Now that we have learned a bit about Python itself, we will look at some specific packages that are useful for scientific applications. In this Lecture, we will learn about:
So far, we've seen that Python offers flexible structures such as list
and dict
for storing data, but this flexibility comes at a cost. Consider, for instance, representing a matrix as a list
of list
instances.
x = [
[0, 1],
[1, 0]
]
x
[[0, 1], [1, 0]]
This "works" in the sense that it stores the data we're interested in, but fails to enforce that its entries are all numeric, that each "row" is the same length, and doesn't give us a terribly useful way of performing mathematical operations.
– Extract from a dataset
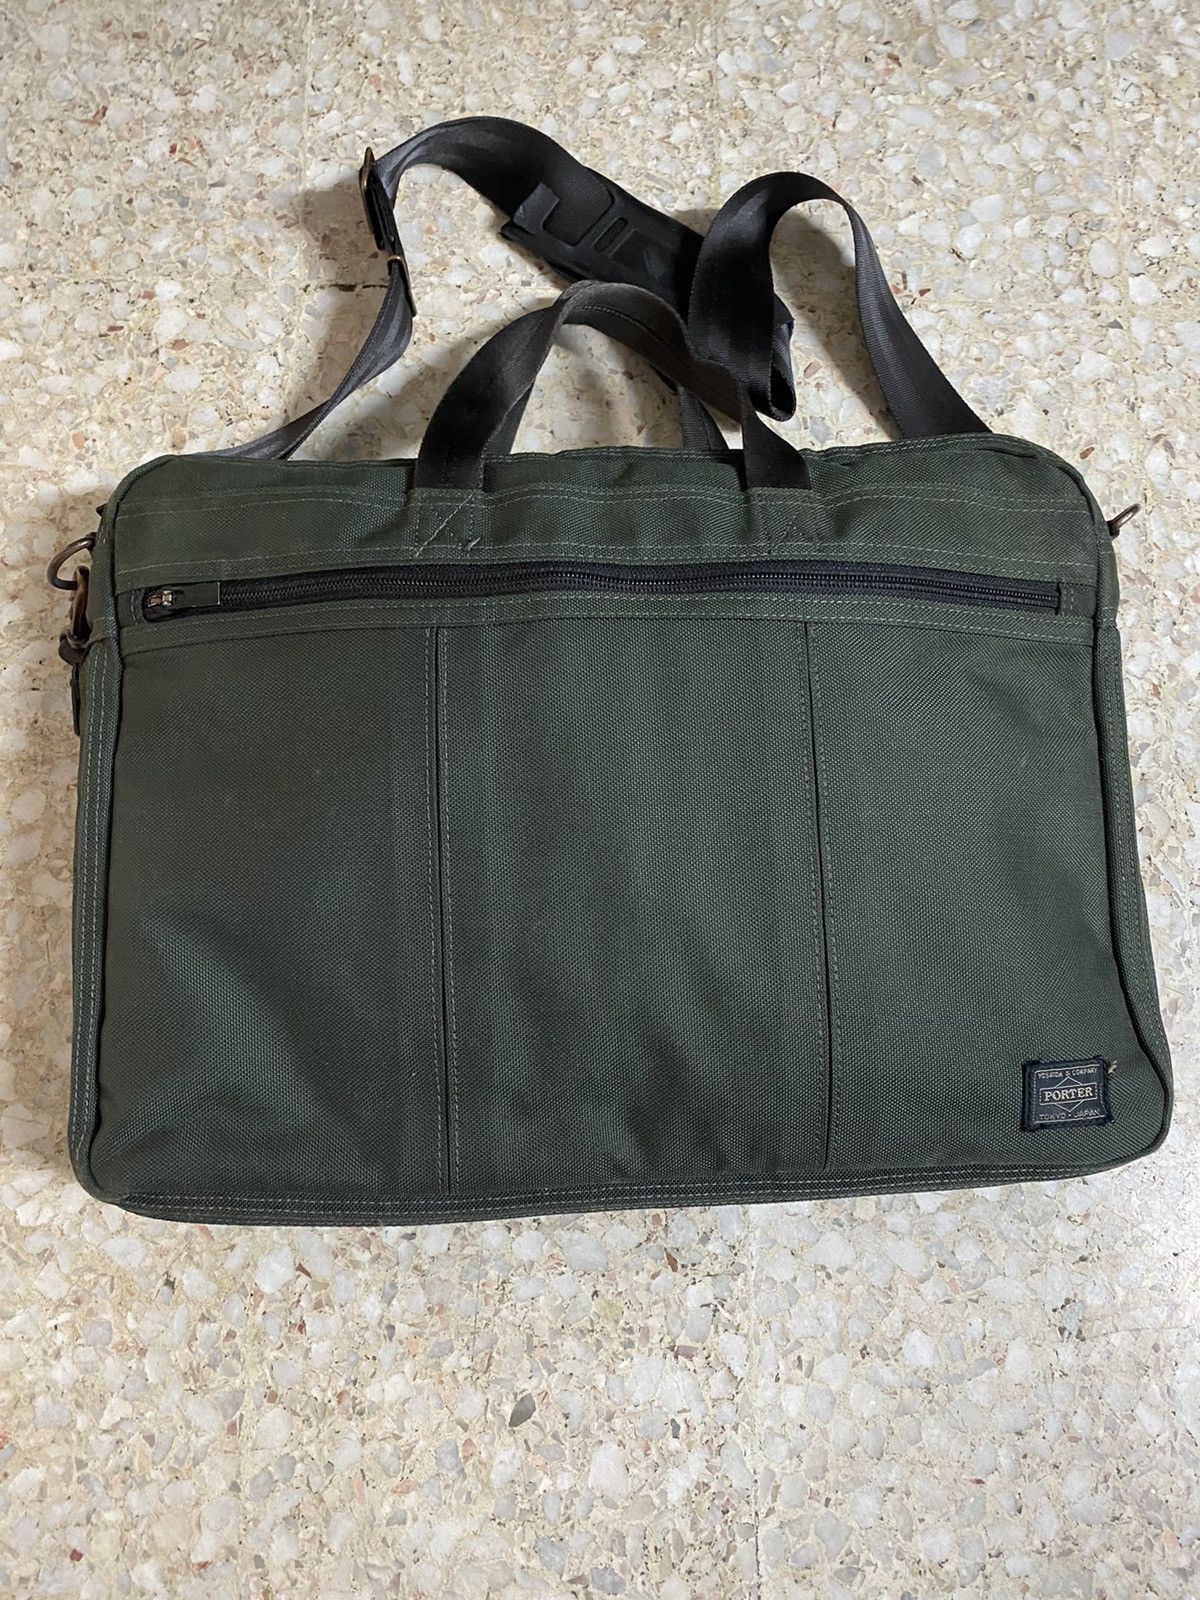 Porter Cordura Messenger Bag Green Army Made in Japan - 3
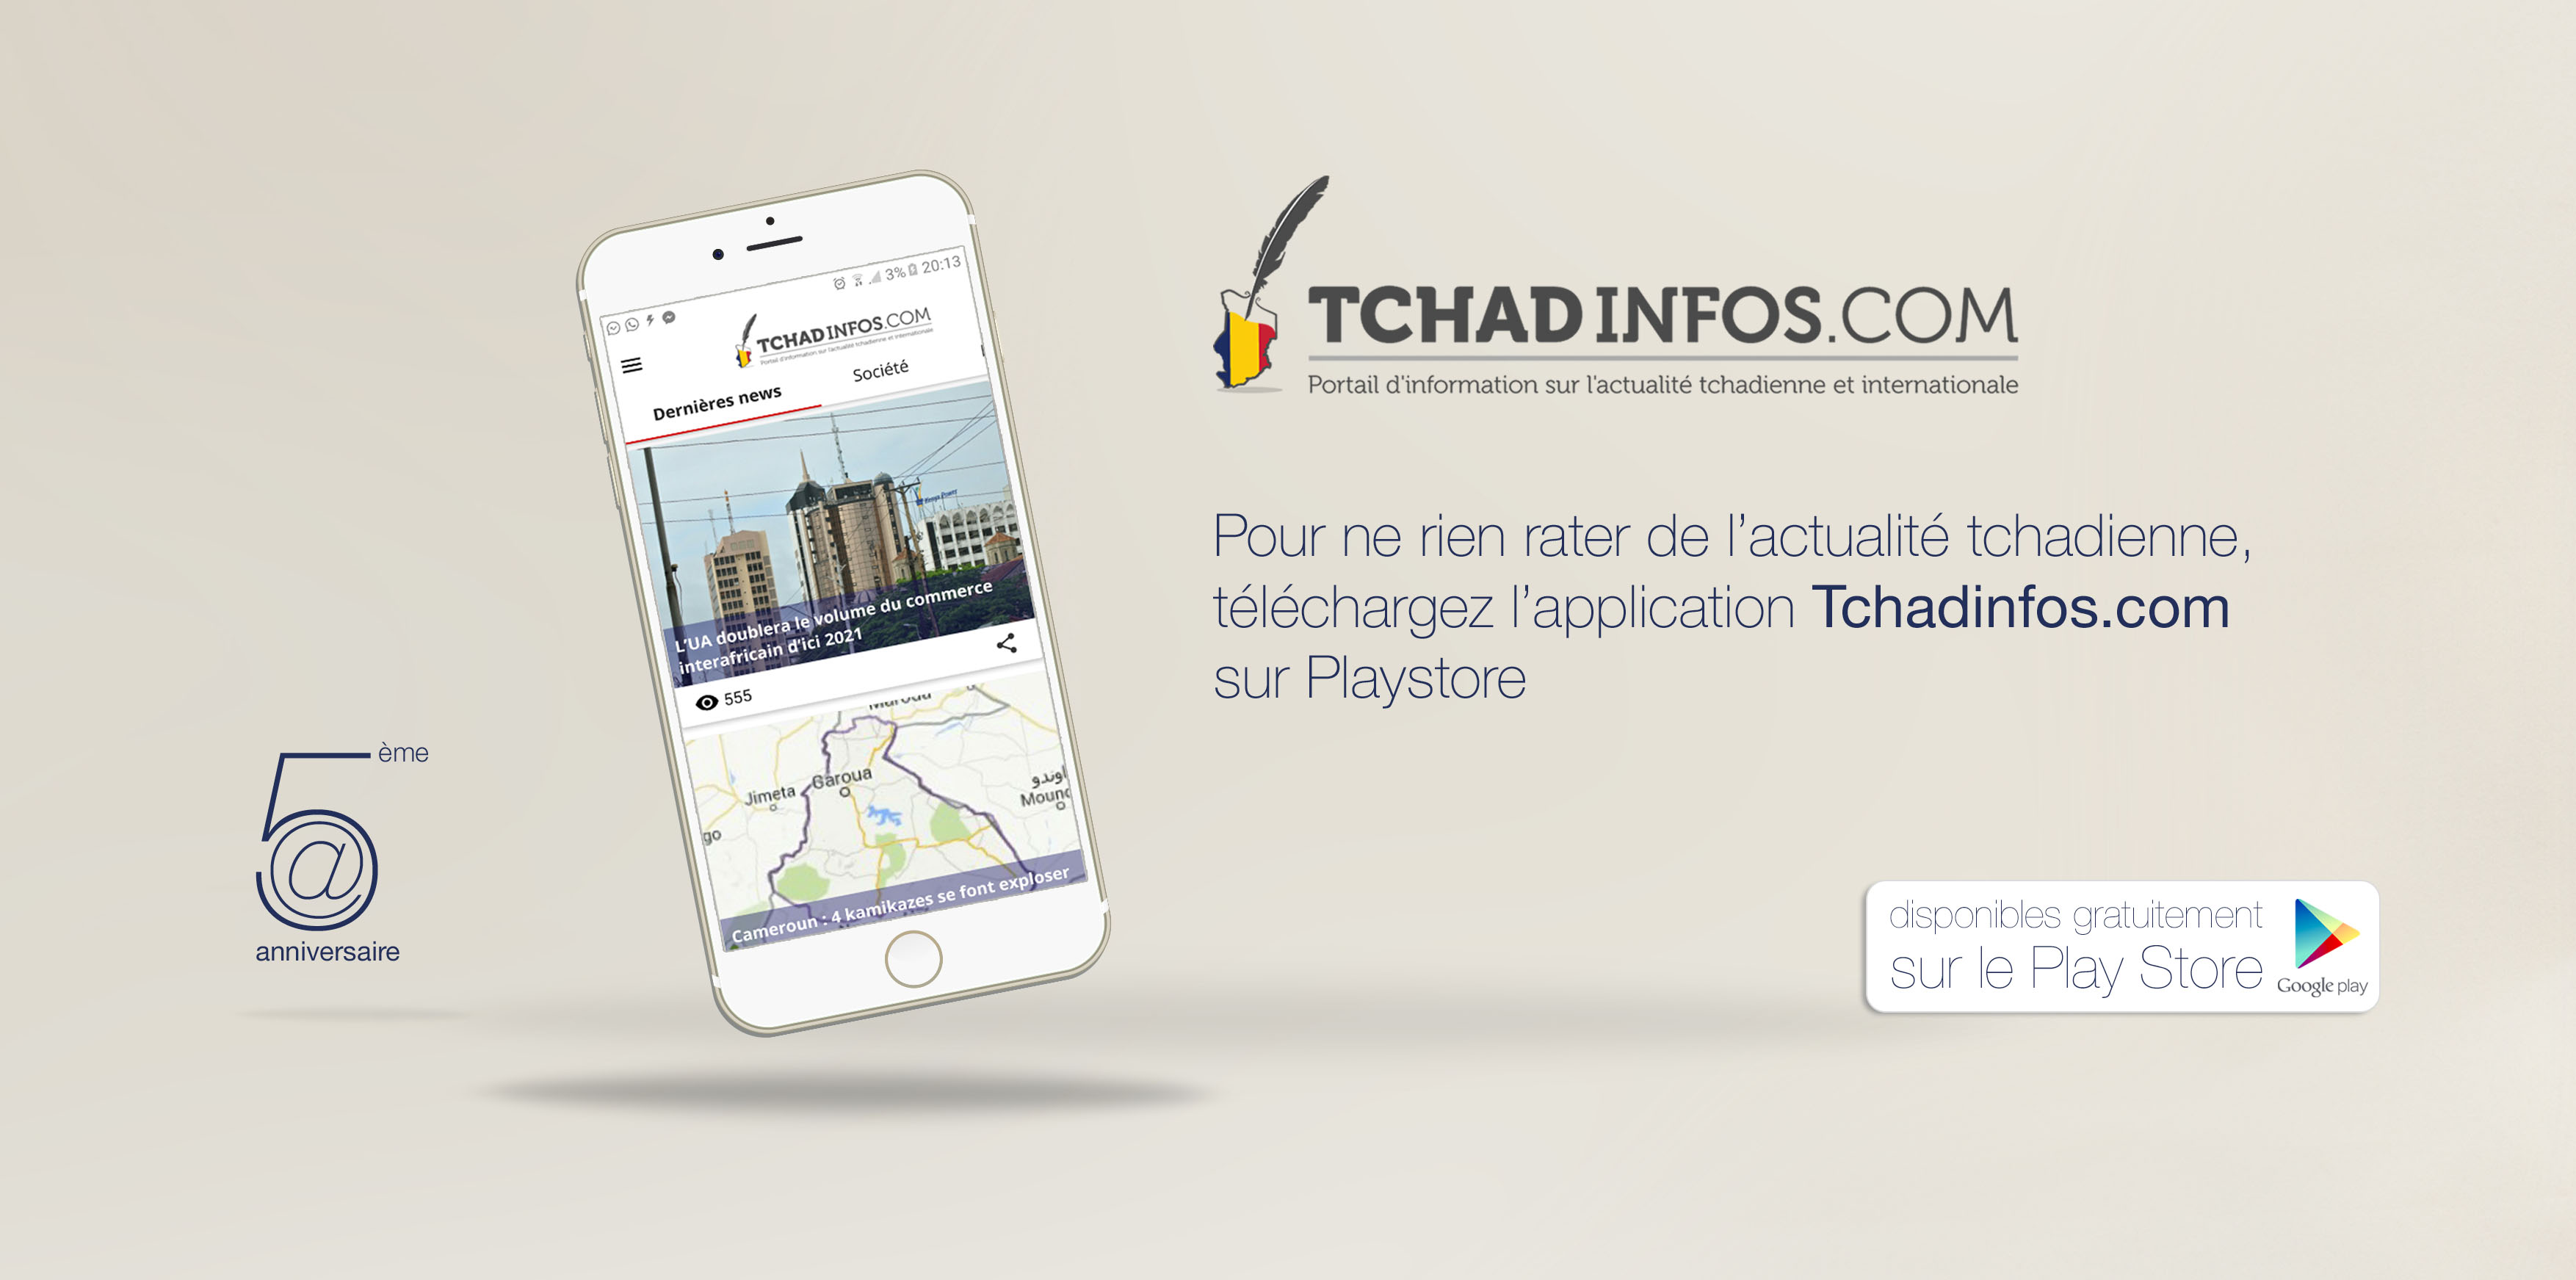 Tchadinfos.com lance son application

# Almost certainly not what we expect "matrix" addition to look like!
x + x
[[0, 1], [1, 0], [0, 1], [1, 0]]
# "Ragged" structures are OK for lists, even though that doesn't
# make sense for matrices.
x = [
[0, 1, 0],
[1, 0]
]
x
[[0, 1, 0], [1, 0]]
# Heterogeneous data types are also OK for lists,
# but not what we want here.
x = [
["0", True],
[1, None]
]
x
[['0', True], [1, None]]
None of this indicates that list
is bad, but rather that it's not the data structure we want to represent tensors of numbers, such as vectors or matrices. Thankfully, the NumPy library provides precisely such a tensor structure, called an array. This library is installed by default with Anaconda, so let's go on and import it now.
import numpy as np
x = np.array([
[0, 1],
[1, 0]
])
x
array([[0, 1], [1, 0]])
x + x
array([[0, 2], [2, 0]])
2 * x
array([[0, 2], [2, 0]])
By contrast to list
instances, arrays provide much more structure that we can use to represent numerical operations. The most basic operation allowed by arrays is that of indexing, wherein we access one or more elements of an array. This is similar to indexing lists, but much more powerful thanks to the additional assumptions that we can make about arrays. In particular, we can now index along multiple dimensions at once, each of which is also called an axis or an index.
x = np.array([
[1, 2, 3],
[4, 5, 6]
])
print(x[0, 1])
2
Each of these index expressions can itself be a slice, as we saw earlier with lists. The special slice :
selects everything along that axis.
print(x[:, 0])
print(x[1, :])
[1 4] [4 5 6]
In the example above, we note that indexing by a scalar removes that axis from the returned array, reducing the number of dimensions. This is represented in the array's shape, which describes the length of that array along each axis (this generalizes MATLAB's size
concept to tensors of rank up to 63). Each shape is a tuple
of integers, or the empty tuple for a scalar.
print(x.shape)
print(x[:, 0].shape)
print(x[1, :].shape)
print(x[1, :2].shape)
print(x[0, 0].shape)
(2, 3) (2,) (3,) (2,) ()
Each array also has a dtype
, short for "data type", indicating the type of each of its elements. This is in contrast to list
instances, which can contain arbitrary other types, and allows arrays to be much more efficient.
print(x.dtype)
print(np.array([1.0]).dtype)
print(np.array([1j]).dtype)
print(np.array([True]).dtype)
print(np.array(["012"]).dtype)
# For something that's "just" an object that NumPy doesn't
# know how to handle, there's also an object dtype,
# but you lose most of the efficiency benefits.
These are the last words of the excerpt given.